I am trying to solve this equation for $x$: $$ y = 1 - e^\left( \frac{{ x ^ {0.22} } ({e^{-cx^{0.22}}-1)}}{c} \right) $$ I tried by transferring 1 to left hand side and then taking ln on both sides but that doesn't gives me the solution for x
Can anyone help ?
It was important to be precise about the parenthesis because the slightest change is likely to make the equation solvable or not solvable analytically.

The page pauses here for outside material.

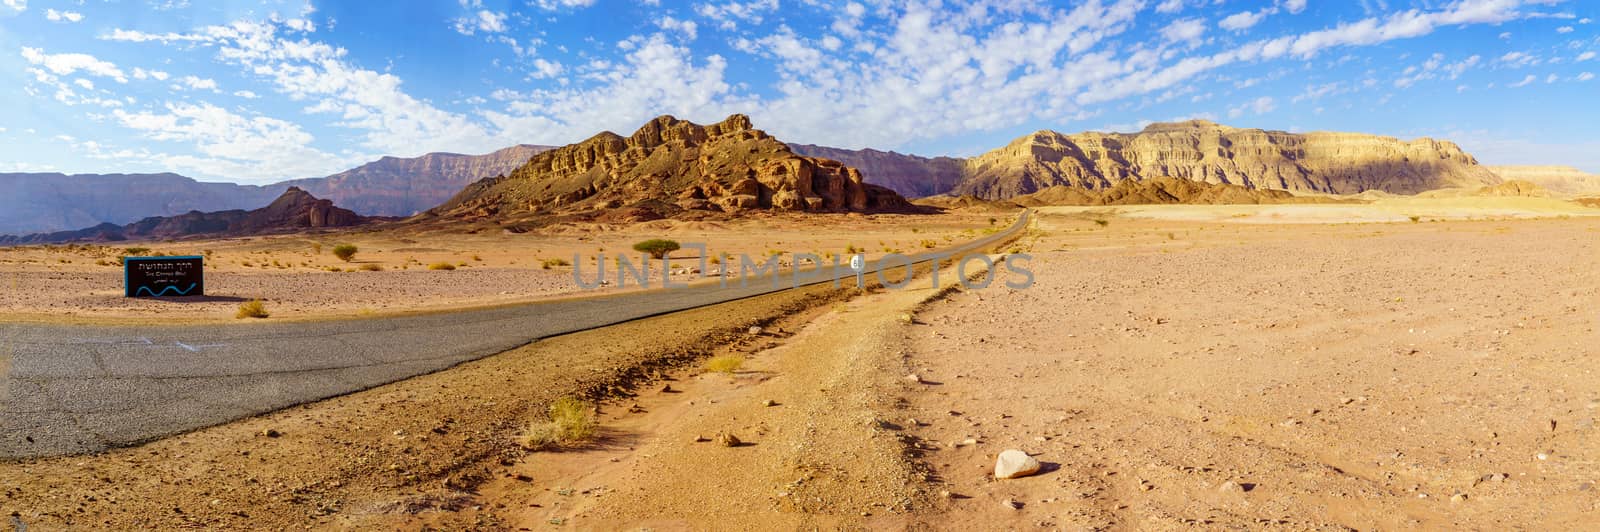 Landscape and the Copper Road, in the Timna Valley by RnDmS

For example the quation $(1)$ is solvable thanks to a special function
$$\boxed{y = 1 - e^ \frac{({ x ^ {0.22} } {e^{-cx^{0.22}}})-1}{c} }\tag 1$$ $\frac{({ x ^ {0.22} } {e^{-cx^{0.22}}})-1}{c}=\ln|1-y|$
$ x ^ {0.22} e^{-cx^{0.22}}=1+c\ln|1-y|$
$ (-cx ^ {0.22}) e^{(-cx^{0.22})}=-c-c^2\ln|1-y|$
With $\begin{cases}X=(-cx ^ {0.22}) \\ Y=-c-c^2\ln|1-y| \end{cases}$ the equation is transformed into $\quad Xe^X=Y$
The solution is $\quad X=W(Y)$ .
$W$ is the Lambert W function : https://mathworld.wolfram.com/LambertW-Function.html
$-cx ^ {0.22}=W\left(-c-c^2\ln|1-y| \right)$
$$x=\left(-\frac{1}{c}W\left(-c-c^2\ln|1-y| \right)\right)^{1/0.22}$$
This is not the same for equation $(2)$ :
$$\boxed{y = 1 - e^ \frac{{ x ^ {0.22} } ({e^{-cx^{0.22}}-1)}}{c} }\tag 2$$
$\frac{{ x ^ {0.22} } ({e^{-cx^{0.22}}-1)}}{c}=\ln|1-y|$
With $\begin{cases}X=(-cx ^ {0.22}) \\ Y=-c^2\ln|1-y| \end{cases}$ the equation is transformed into $\quad Xe^X-X=Y$
This is not the Lambert equation $Xe^X=Y$. The Lambert W function is no longer convenient.
A different special function would be necessary. As far as I know, up to now, no convenient special function has been standardized for solving this kind of equation.
Do not expect an explicit solution for equation $(2)$. One have to solve it approximately with numerical calculus. They are a lot of numerical methods, for example Newton-Raphson, etc. But the parameters $c$ and $y$ have to be known on numerical form.